- Born: Elmer Pratt September 13, 1947 Morgan City, Louisiana, U.S.
- Died: June 2, 2011 (aged 63) Tanzania
- Resting place: Pratt's body was cremated and scattered somewhere in Tanzania.^{[citation needed]}
- Citizenship: United States of America (birthplace), Tanzania^{[citation needed]}
- Education: UCLA, Sumpter Williams High School (Morgan City, Louisiana)
- Occupation: Deputy Minister of Defense of the Southern California Chapter of the Black Panther Party
- Known for: Overturned murder conviction
- Political party: Black Panther Party
- Movement: Black Power Movement
- Criminal charge: Murder
- Criminal penalty: 27 years in prison
- Criminal status: Released (conviction vacated)
- Allegiance: United States of America
- Branch: United States Army
- Rank: Sergeant
- Conflicts: Vietnam War
- Awards: Silver Star Bronze Star (2) Purple Heart (2)

= Geronimo Pratt =

American political activist (1947–2011)

Elmer Gerard "Geronimo" Pratt (September 13, 1947 – June 2, 2011), also known as Geronimo Ji-Jaga and Geronimo Ji-Jaga Pratt, was a decorated military veteran and a high-ranking member of the Black Panther Party in the United States in the late 1960s and early 1970s. Born in Louisiana, he served two tours in Vietnam, receiving several decorations. He moved to Los Angeles, where he studied at UCLA under the GI Bill and joined the Black Panther Party. He was wrongfully convicted of murder, and imprisoned. After being exonerated, Pratt went on to be a human rights activist and godfather to Tupac Shakur.

The Federal Bureau of Investigation targeted Pratt in a COINTELPRO operation in the early 1970s, intended to "neutralize Pratt as an effective BPP functionary." Pratt was tried and convicted in 1972 for the 1968 murder of Caroline Olsen; he served 27 years in prison, eight of which were in solitary confinement. Pratt was freed in 1997 when his conviction was vacated due to the prosecution's having withheld exculpatory evidence which showed that he was 400 miles away at the time of the murder, and that the key witness in his case had been an FBI informant. This decision was upheld on appeal.

He worked as a human rights activist until the time of his death. Pratt was also the godfather of the late rapper Tupac Shakur. He died of a heart attack in Tanzania, on June 3, 2011.
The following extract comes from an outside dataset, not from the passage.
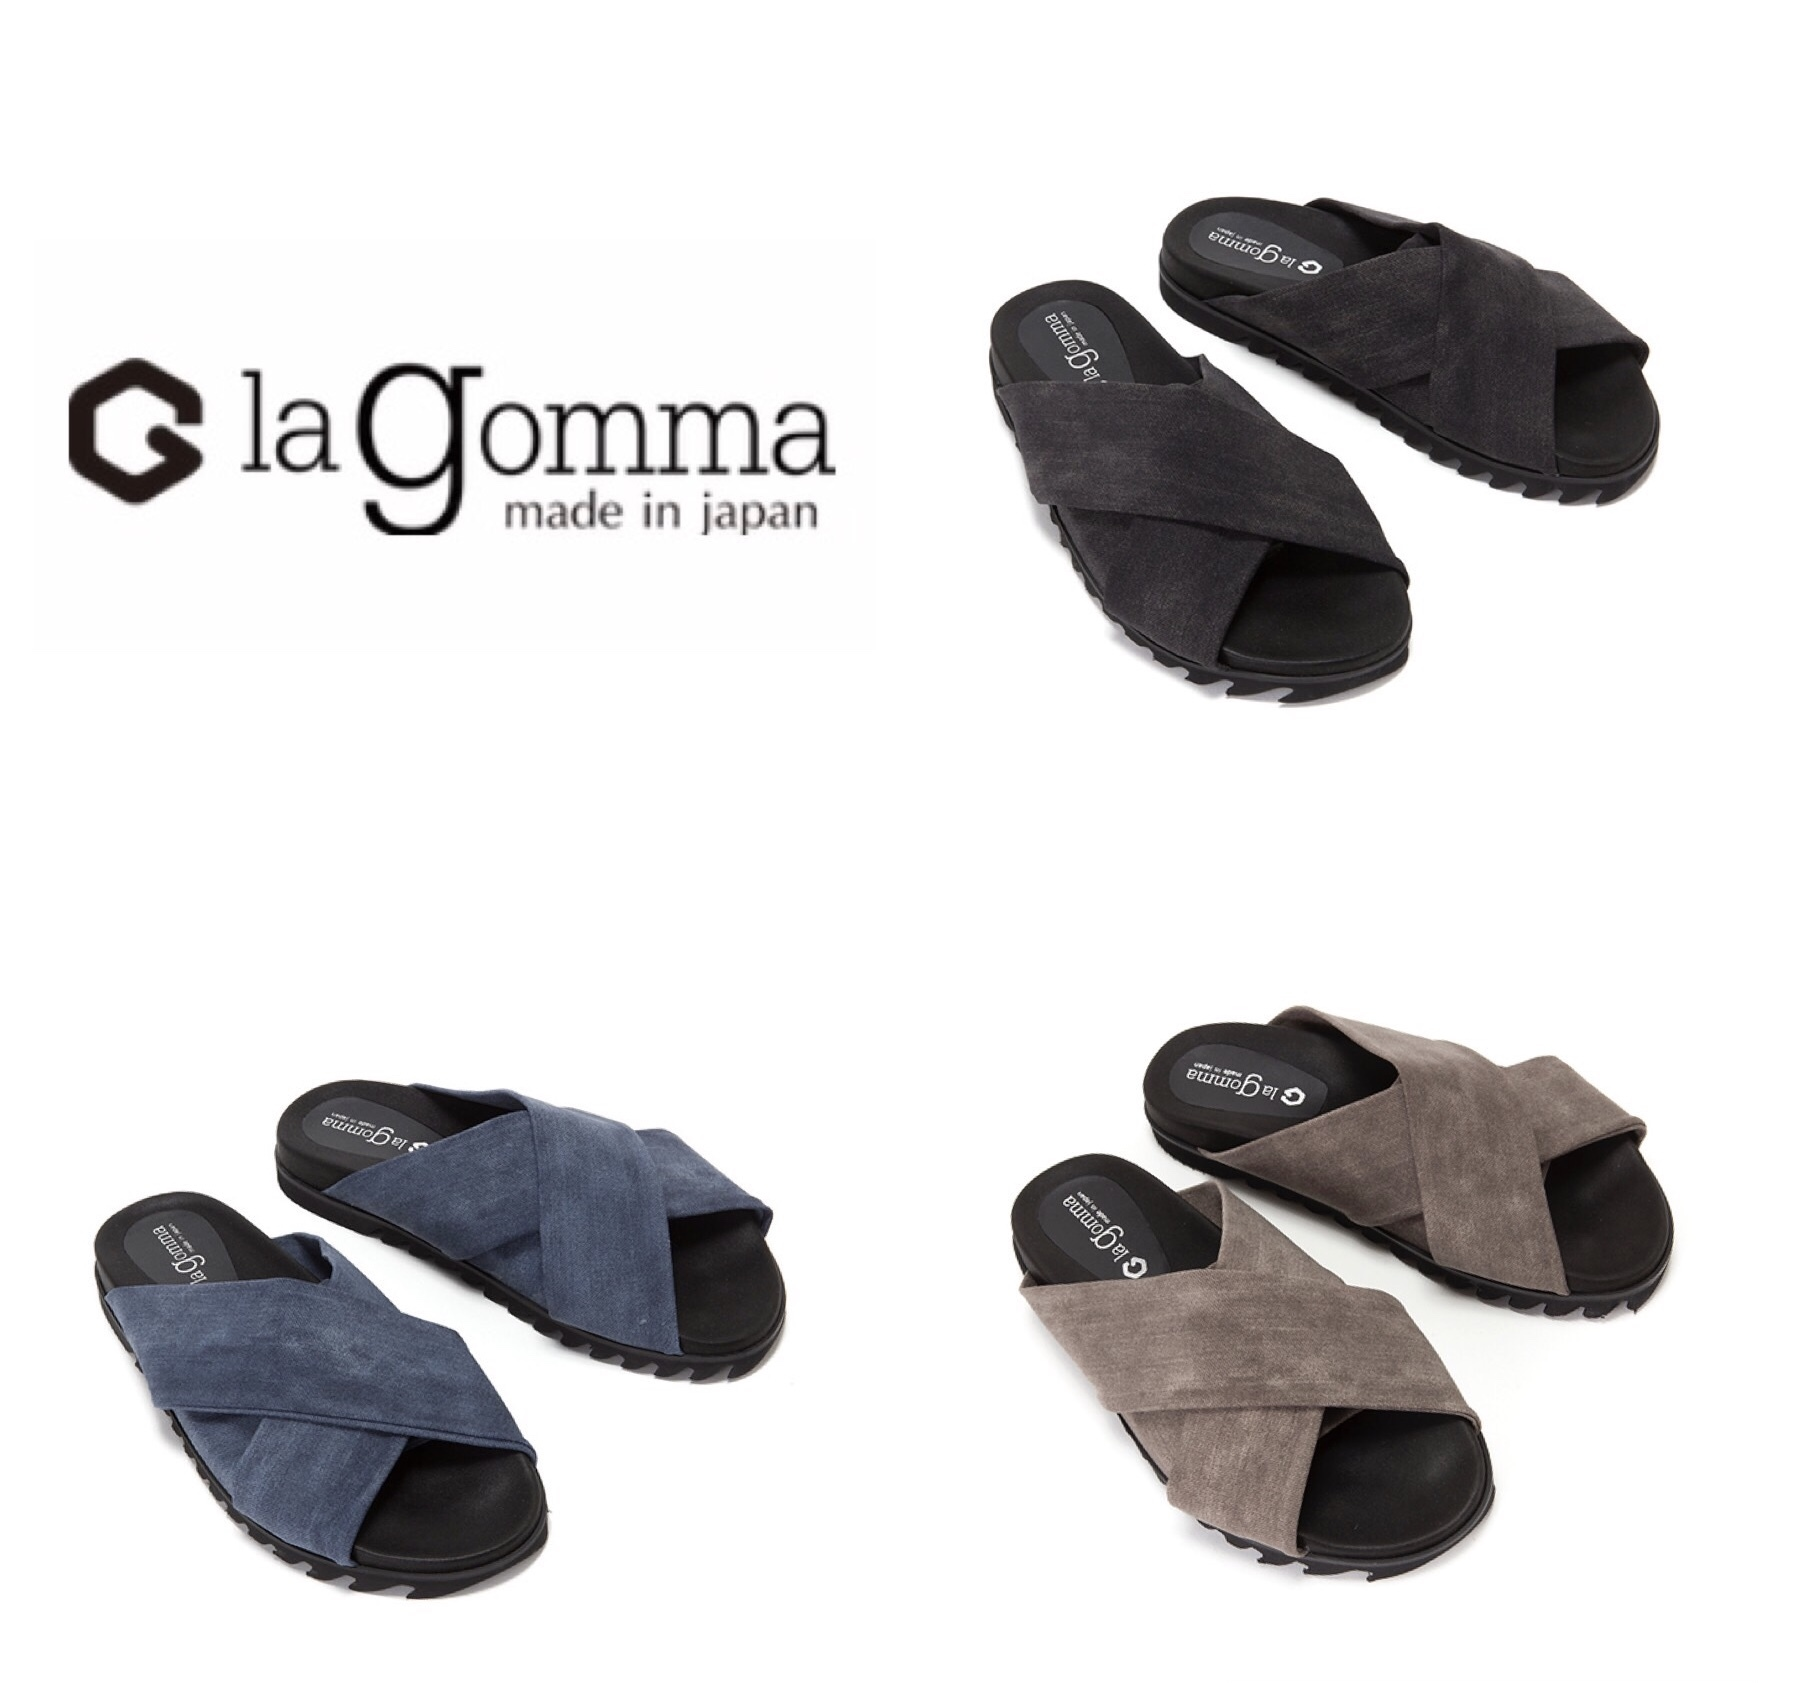 laGomma(ラゴンマ) / men's
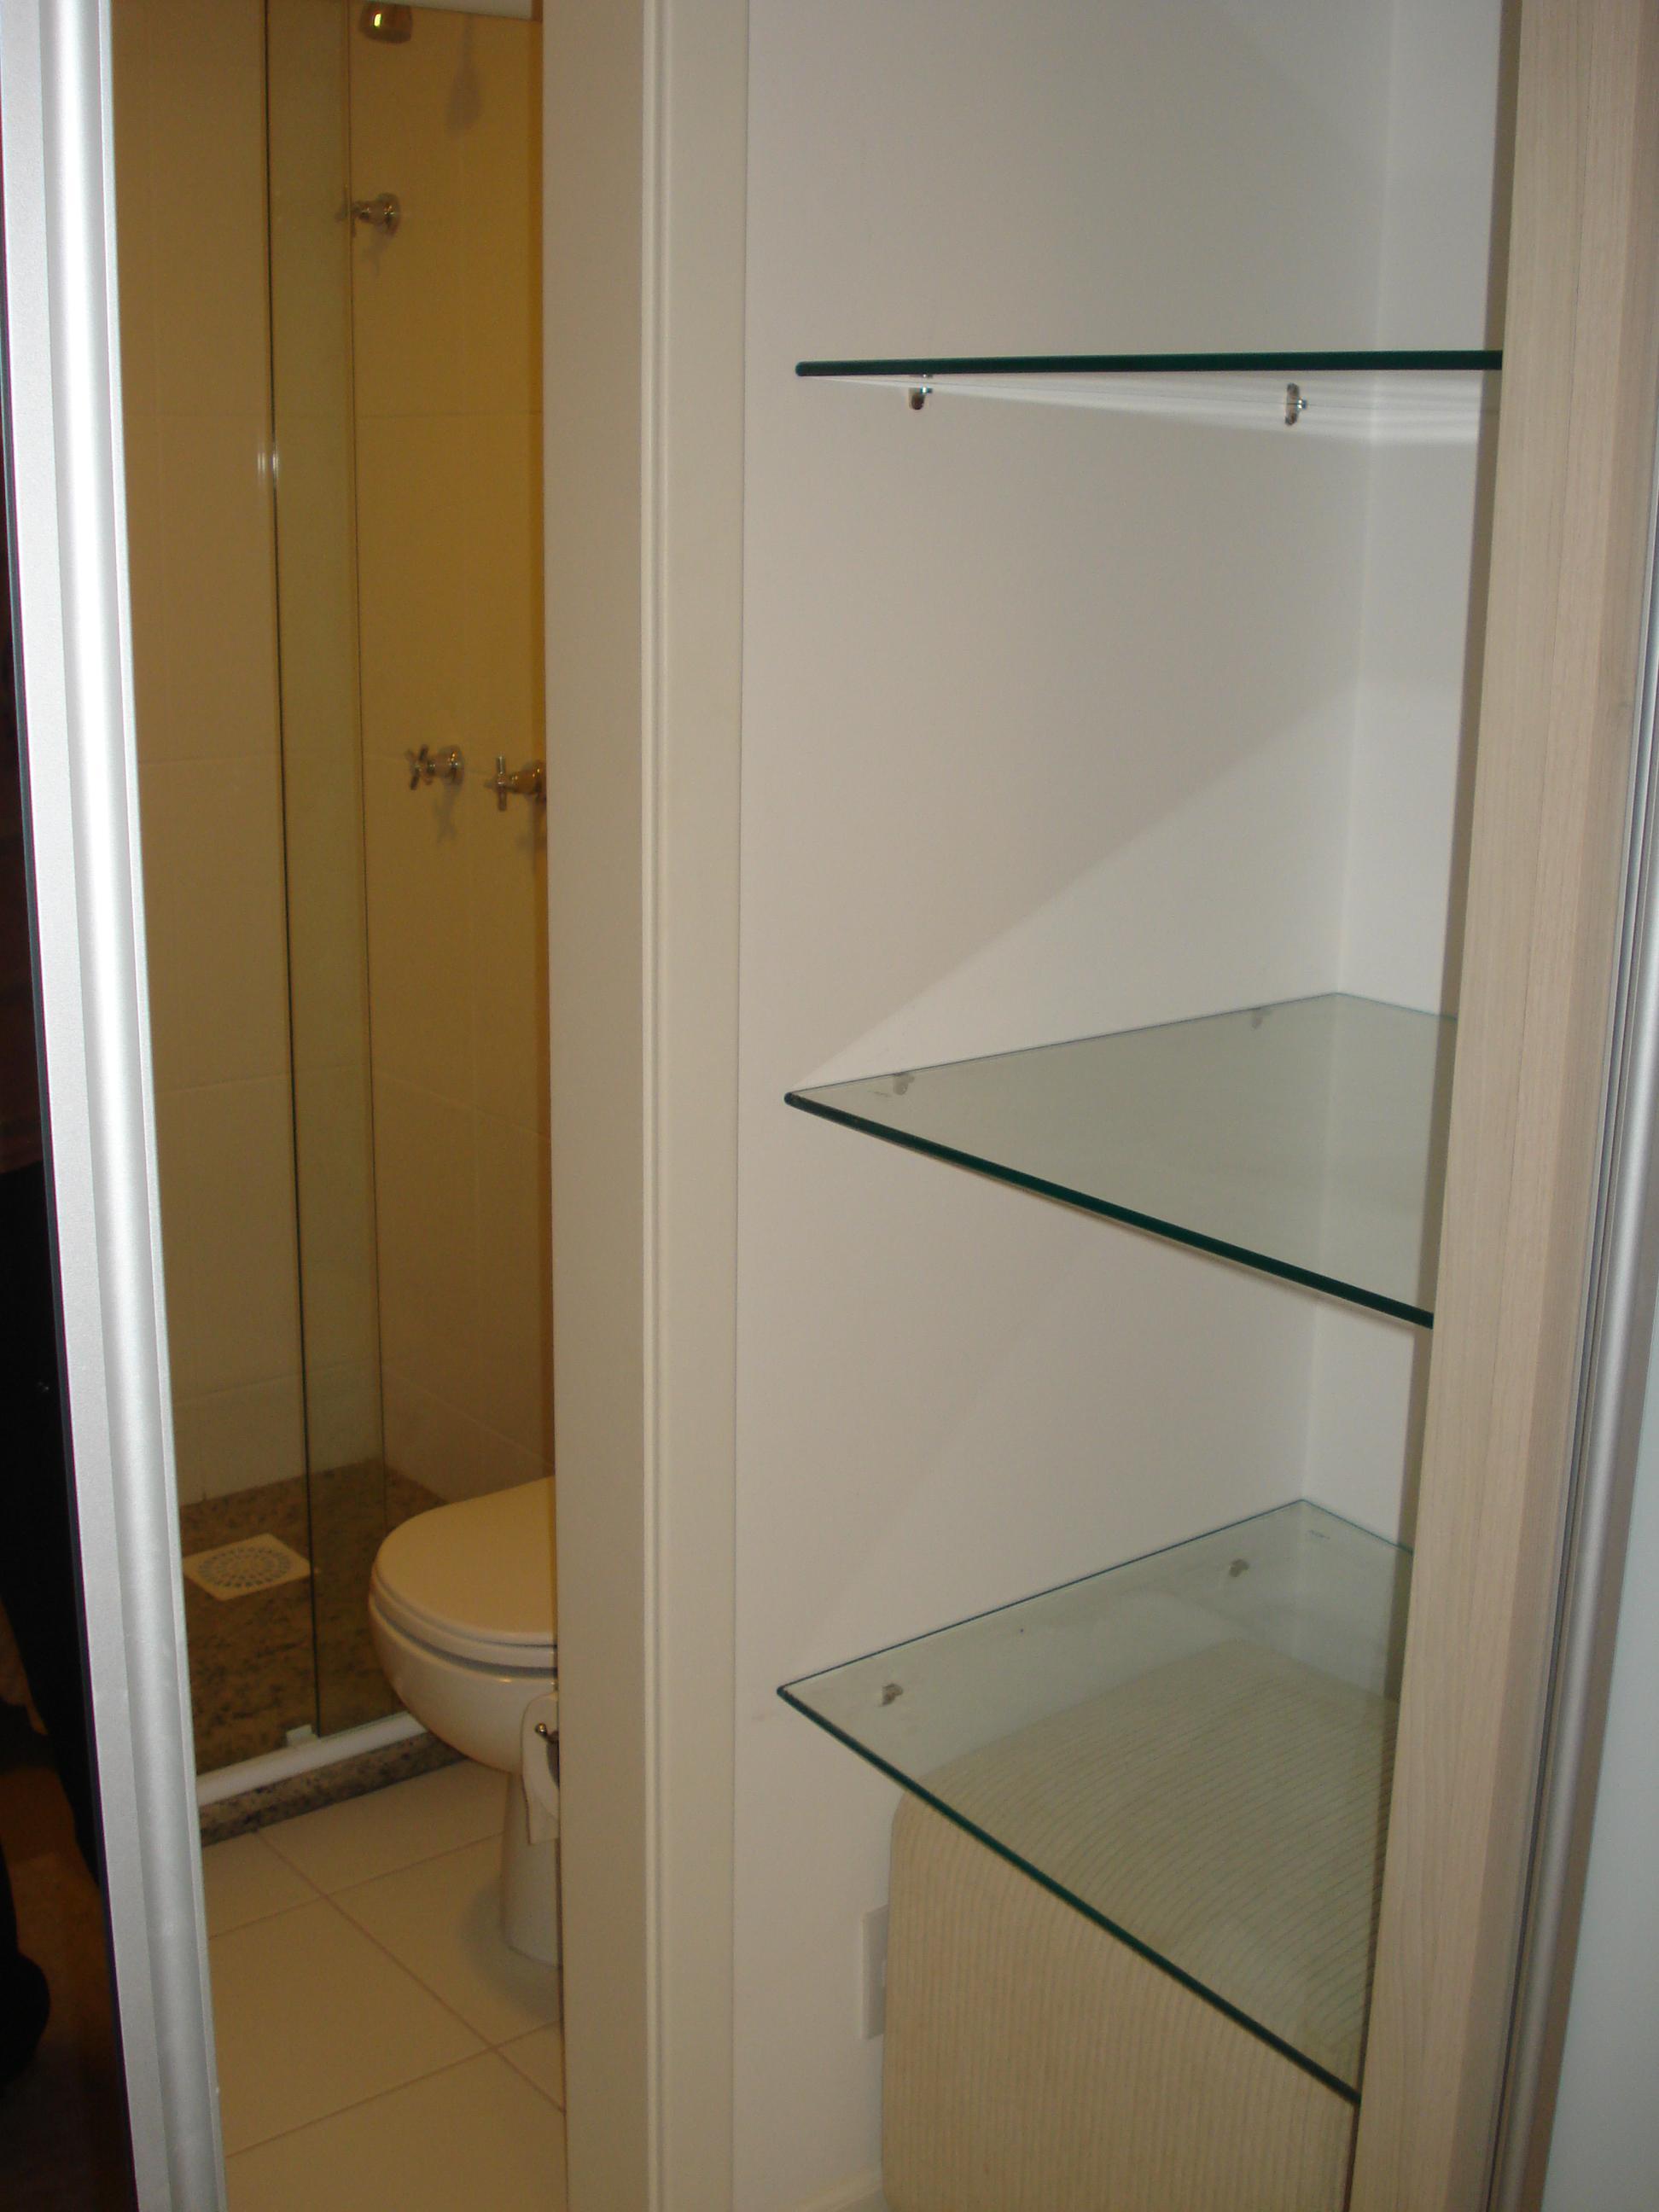 Entrada do banheiro dentro do guarda roupa  #674C24 1944x2592 Banheiro Com Duas Portas De Entrada

==Early years and military service==
Elmer Pratt was born in Morgan City, Louisiana to Jack Pratt and Eunice Petty. His father was in the scrap metal business. Pratt was a star quarterback at Sumpter Williams High School.

He served two combat tours as a soldier in the Vietnam War, reaching the rank of sergeant. He was highly decorated, earning two Bronze Stars, a Silver Star, and two Purple Hearts. He later moved to Los Angeles.

==UCLA and Black Panther Party==
After leaving the Army, Pratt studied political science at UCLA, using a grant provided by the GI Bill. Pratt became politically active and was recruited into the Black Panthers by Bunchy Carter and John Huggins. When Pratt joined the Black Panthers, his years in the army proved useful. He rose to become Deputy Minister of Defense of the local organization, after Bunchy Carter and John Huggins were killed by COINTELPRO infiltrators in the Us Organization. He took the name "Geronimo," after a prominent Apache chief and leader of resistance to US domination, and "Ji-Jaga," after a Central African tribe.

In 1971, his wife Saundra was killed when she was 8 months pregnant and her body was left in a ditch. The murder was attributed at the time to a BPP schism between supporters of Huey Newton and those of Eldridge Cleaver; Pratt and his wife belonged to the Cleaver faction. Pratt later believed this account was an FBI lie, and that Saundra's murder was unrelated to her activities in the Black Panther Party.

By January 1970, the Los Angeles FBI office had sought permission from national headquarters for a counterintelligence effort "designed to challenge the legitimacy of the authority exercised" by Pratt in the local Panthers. Another FBI memo, dated five months later, noted that the Bureau was constantly considering counterintelligence measures designed to neutralize Pratt "as an effective (Panther) functionary."

==Murder charges==
In 1968, Caroline Olsen, a 27-year-old elementary school teacher, was murdered by gunshot during a robbery on a Santa Monica tennis court. Olsen's husband, Kenneth, who was also shot but survived, identified Pratt as the killer in an eyewitness line-up. Julius Butler, a police informant and infiltrator inside the Black Panther Party, testified that Pratt had confessed to him and discussed the murder with him on several occasions. In 1970, Pratt was arrested and charged with murder and kidnapping.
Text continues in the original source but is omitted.